A stronger Rand: good and bad news for Zimbabwe

HARARE, – The South African Rand is getting stronger against the United States each day since Cyril Ramaphosa took over from scandal plagued Jacob Zuma as president of South Africa.

And that is good news for Zimbabwe President Emmerson Mnangagwa, according to Renaissance Capital’s chief global economist, Charles Robertson as the country should be one of the biggest beneficiaries of the strong Rand.

Mnangagwa, whose own elevation to the presidency followed long time ruler Robert Mugabe’s forced resignation by the military in November last year.

“The fact that Zimbabwe used the US dollar, and commodity prices fell, was what brought the economy back into crisis by 2016. Zimbabwe’s exports were hit by commodity prices, while everything imported from South Africa got significantly cheaper,” says Robertson in a research note on the southern African nation.

“With commodity prices now doing better, the dollar weaker, and the ZAR appreciating this much – Zimbabwe’s balance of payments should improve.”

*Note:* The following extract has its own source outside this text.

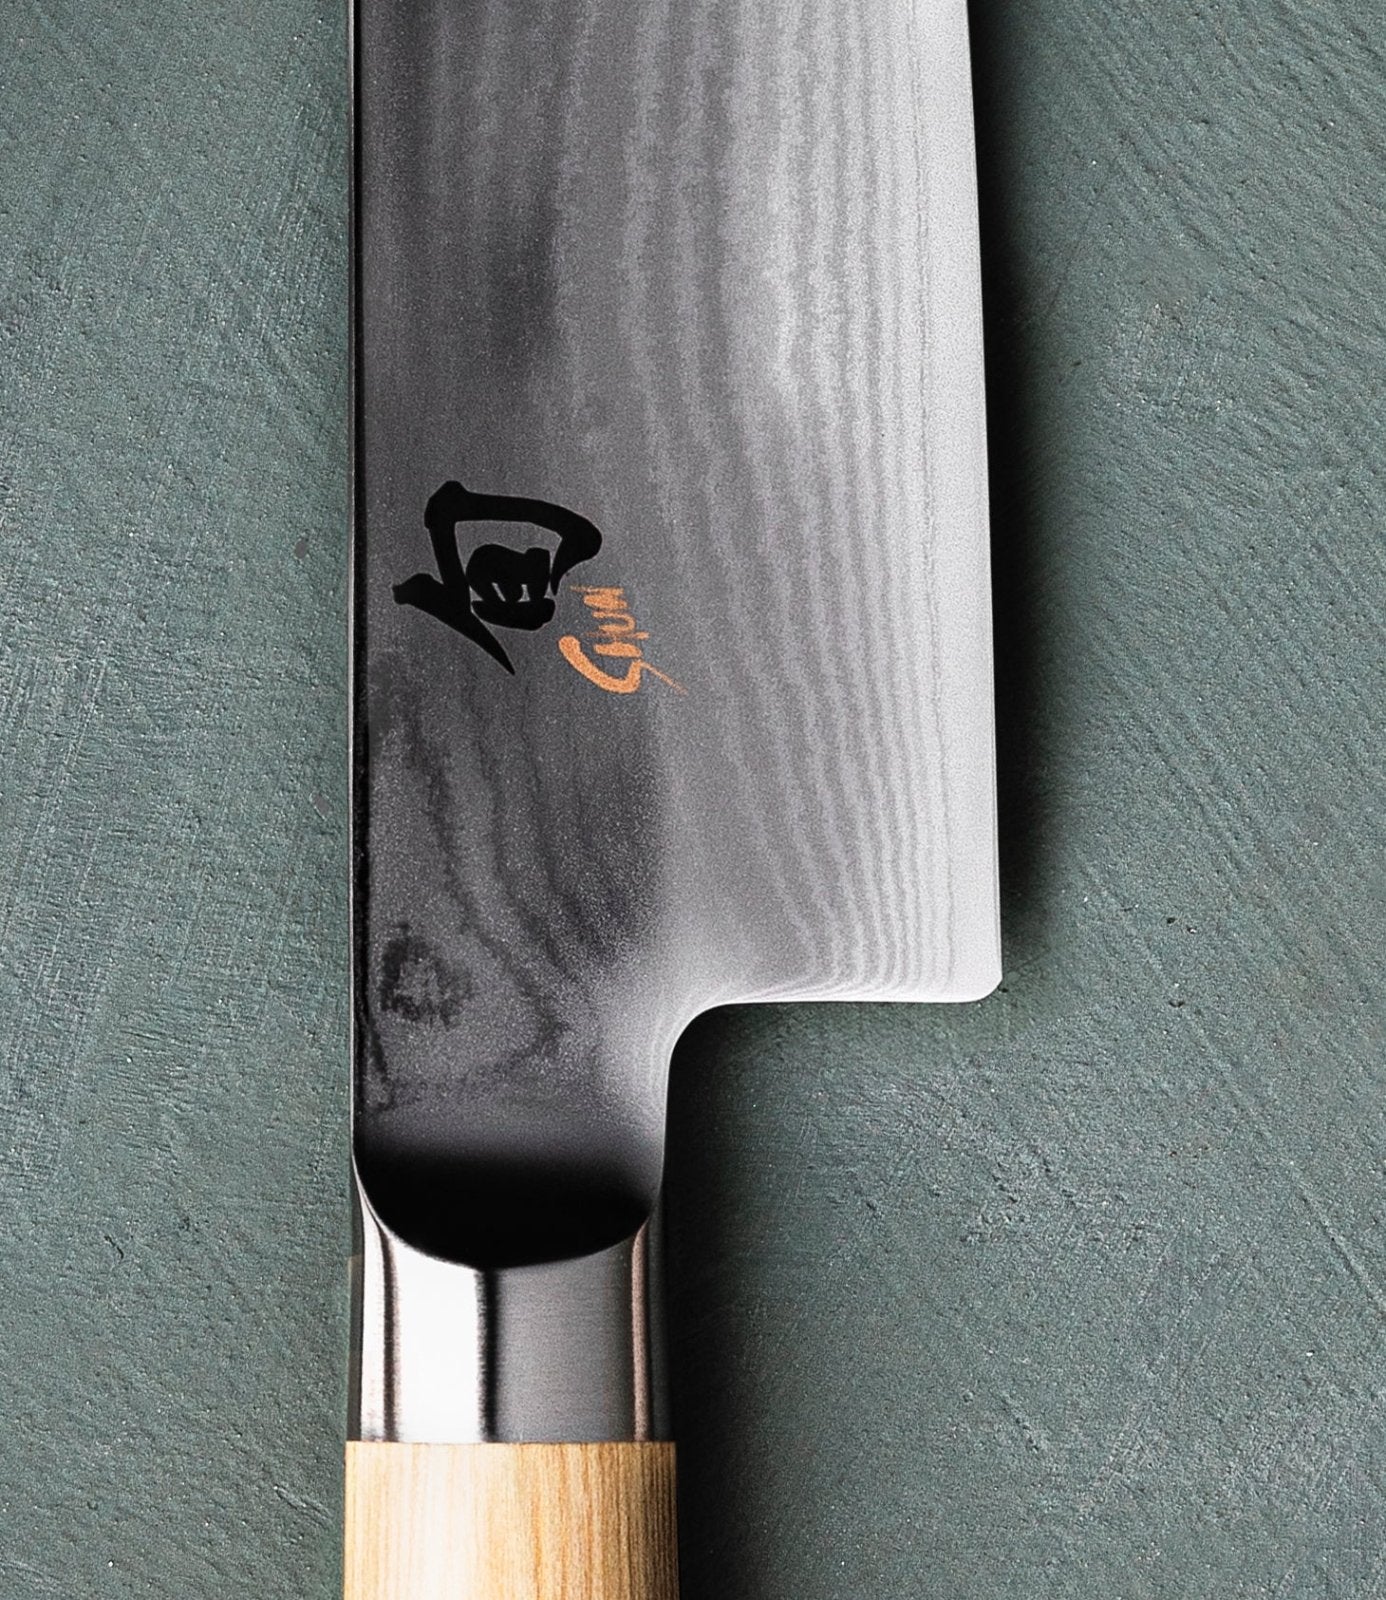 KAI Shun White 15cm Utility Knife - KAI-DM-0701W - The Cotswold Knife Company

The rand is at a three year high, after rallying since Ramaphosa won the leadership battle for the ruling ANC party in December last year, the prospect of an early departure for Zuma, expectations of quick reforms seen quickening the pace of economic growth.

Rand price movement
Rand price movement

Robertson says the stronger Rand means that South African imports to Zimbabwe will be more expensive. South Africa is Zimbabwe’s largest trade partner and accounts for about 70 percent of imported goods in the southern African country and over 60 percent of its total trade, according to official figures.

Zimbabwe enjoyed a positive trade balance over its neighbour of $98 million in 2016 according to the World Bank’s World Integrated Trade Solution website.

“The current account should get better. Liquidity in Zimbabwe should improve. The gap between the electronic dollar rate and the cash exchange rate in Zimbabwe should narrow,” says Robertson.

The Rand strength would be bad for stock market prices, which local companies and investors have used to hedge against the gap between the notional value of dollars in Zimbabwe’s bank accounts, and real US dollars.

Former president Robert Mugabe introduced a surrogate bond note currency in 2016 to arrest a crippling bank note shortage. The notes officially trade at par with the US dollar but attract a premium of 25 percent on the black market for cash and up to 50 percent for bank transfers.

However, leading economist Professor Tony Hawkins says the stronger Rand means higher commodity prices for the imports-reliant Zimbabwe.

“Essentially the strong South African Rand means prices of imports from South Africa will become expensive. Importers will have to pay fuel costs in Rand and buying Rand on the black market means paying more US dollars. It can only be beneficial if we were exporting to South Africa,” said Prof Hawkins.